» PROBLEM STATEMENT
Start at the line below containing "F4G-F8199-74-M0" and stop at the line containing "July 15, 2019". Repeat every line of that stretch exactly, and nothing outside it.

» MATERIAL FOR THE TASK
■ ■ ■ ■ ■

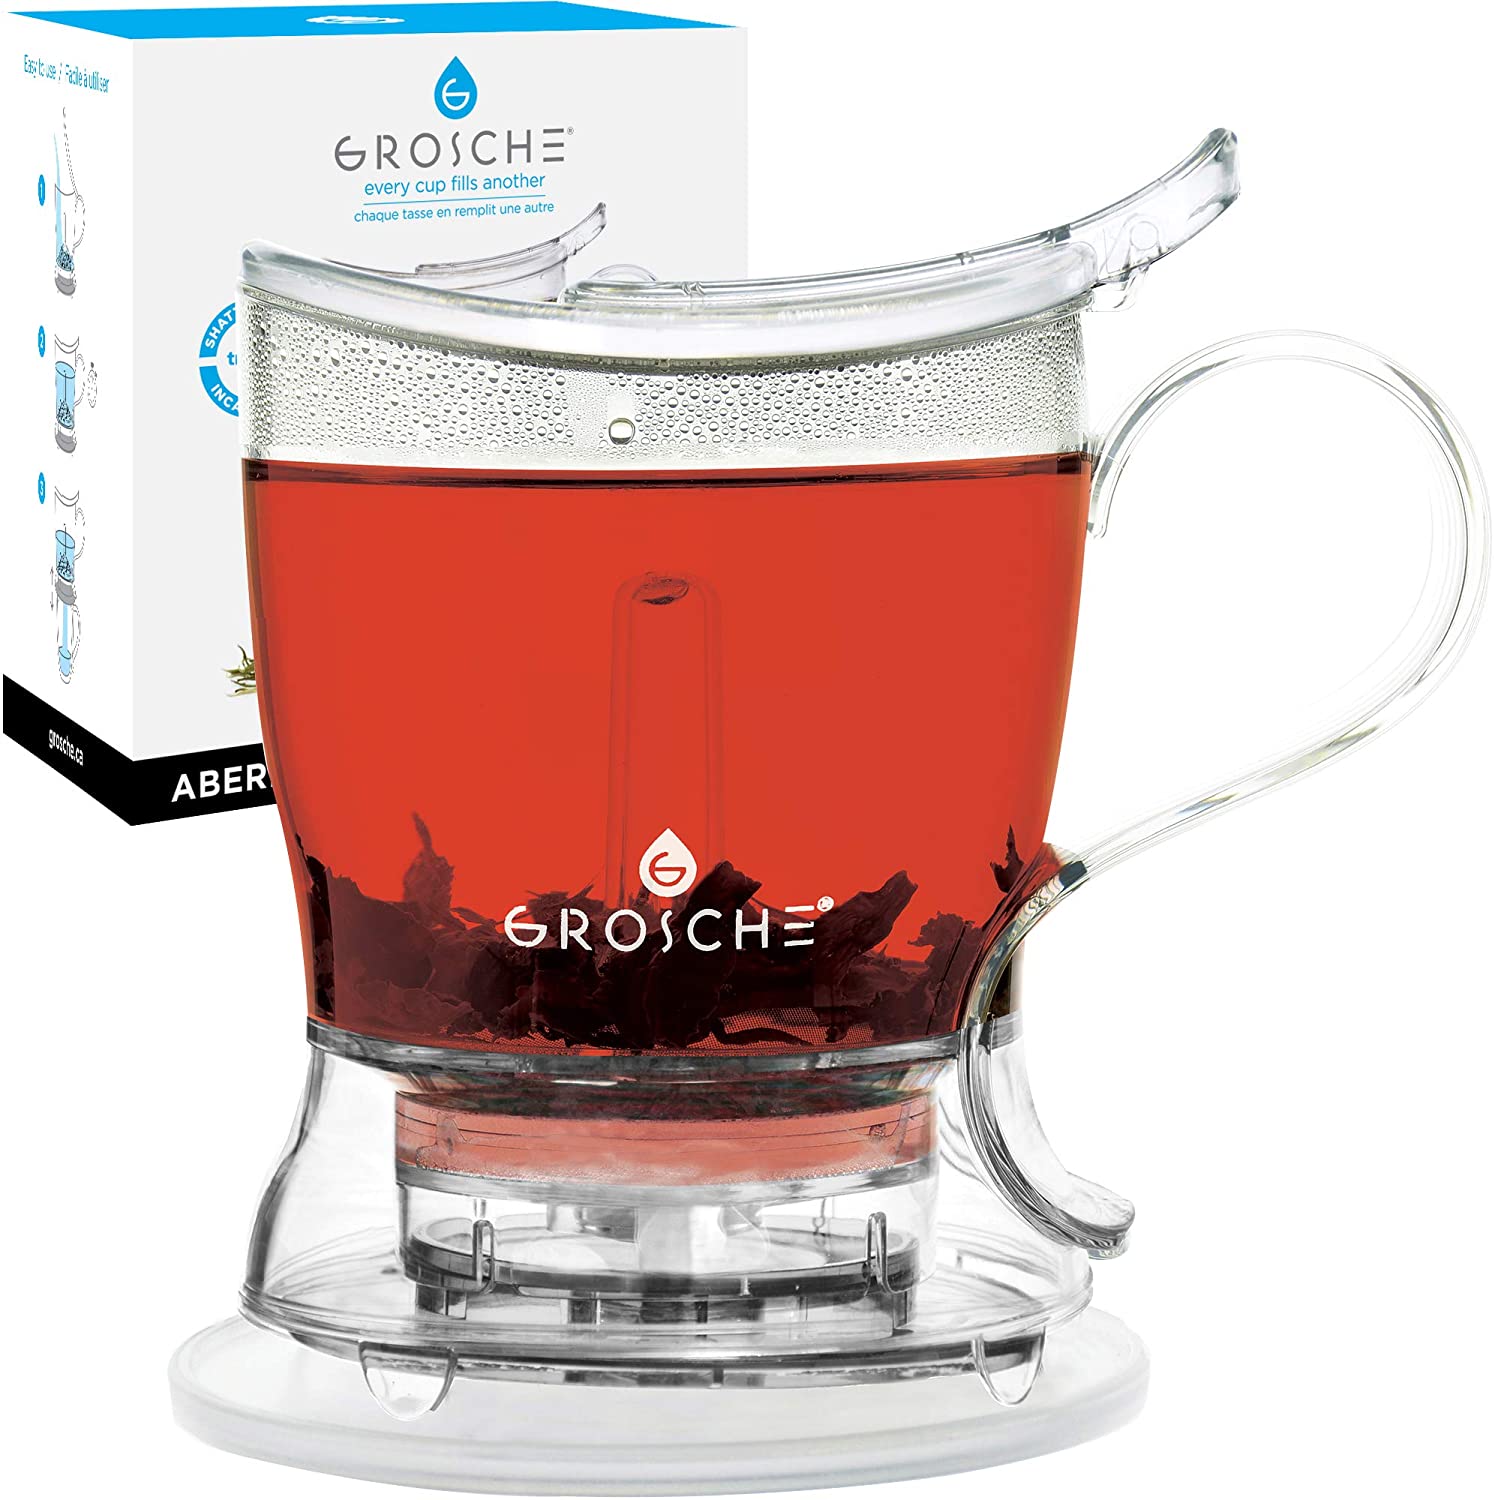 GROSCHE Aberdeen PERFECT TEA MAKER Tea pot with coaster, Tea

■ ■ ■ ■ ■

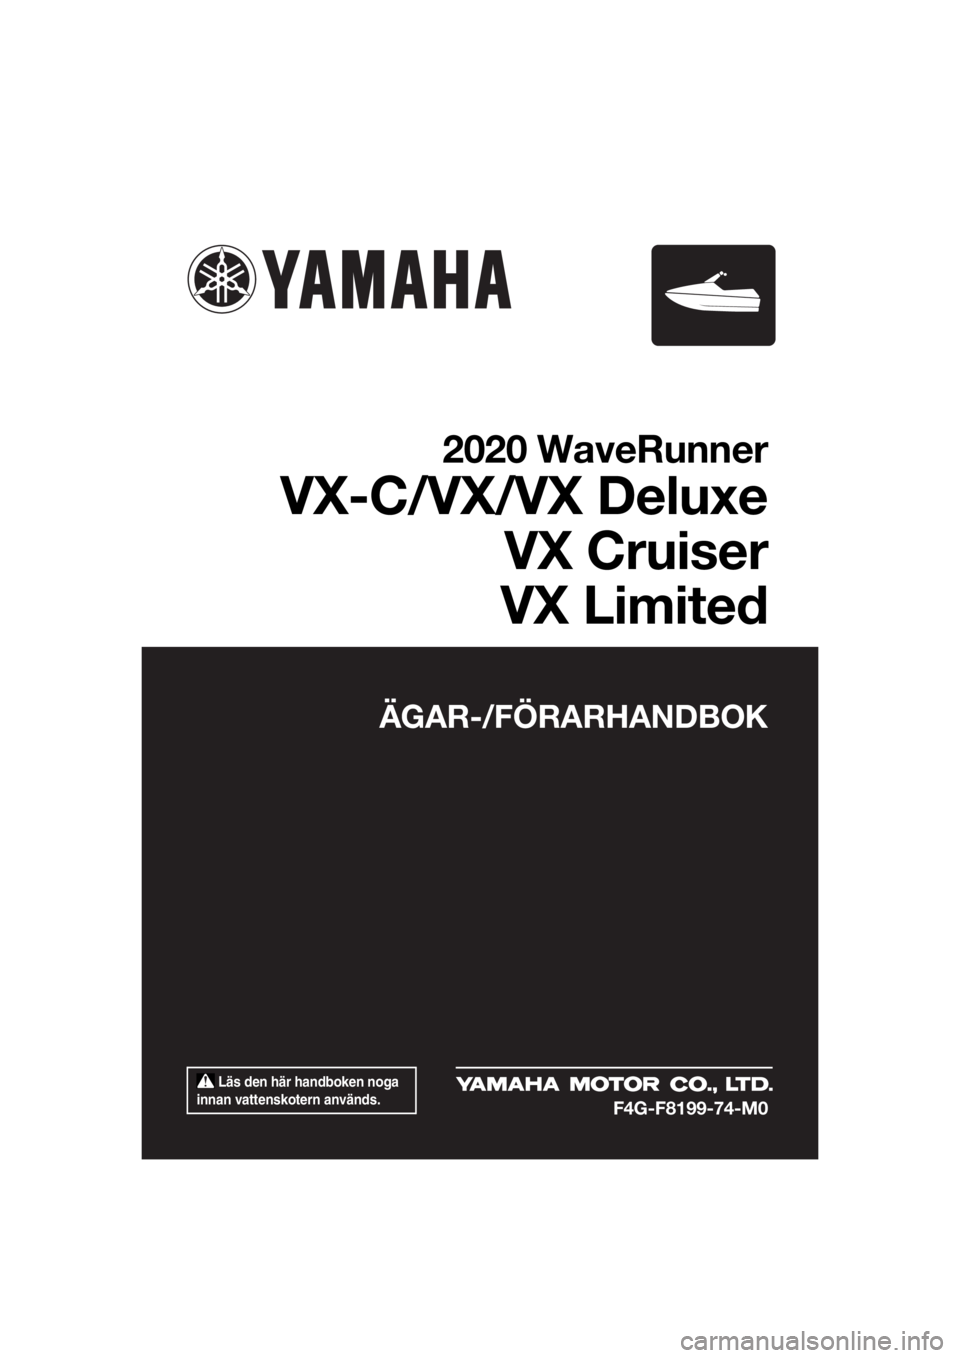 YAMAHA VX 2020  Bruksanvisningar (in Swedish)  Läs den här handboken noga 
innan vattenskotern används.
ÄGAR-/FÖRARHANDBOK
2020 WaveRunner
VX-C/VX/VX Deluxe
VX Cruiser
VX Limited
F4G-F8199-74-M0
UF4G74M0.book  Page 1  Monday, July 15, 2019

■ ■ ■ ■ ■

» RESULT
F4G-F8199-74-M0
UF4G74M0.book  Page 1  Monday, July 15, 2019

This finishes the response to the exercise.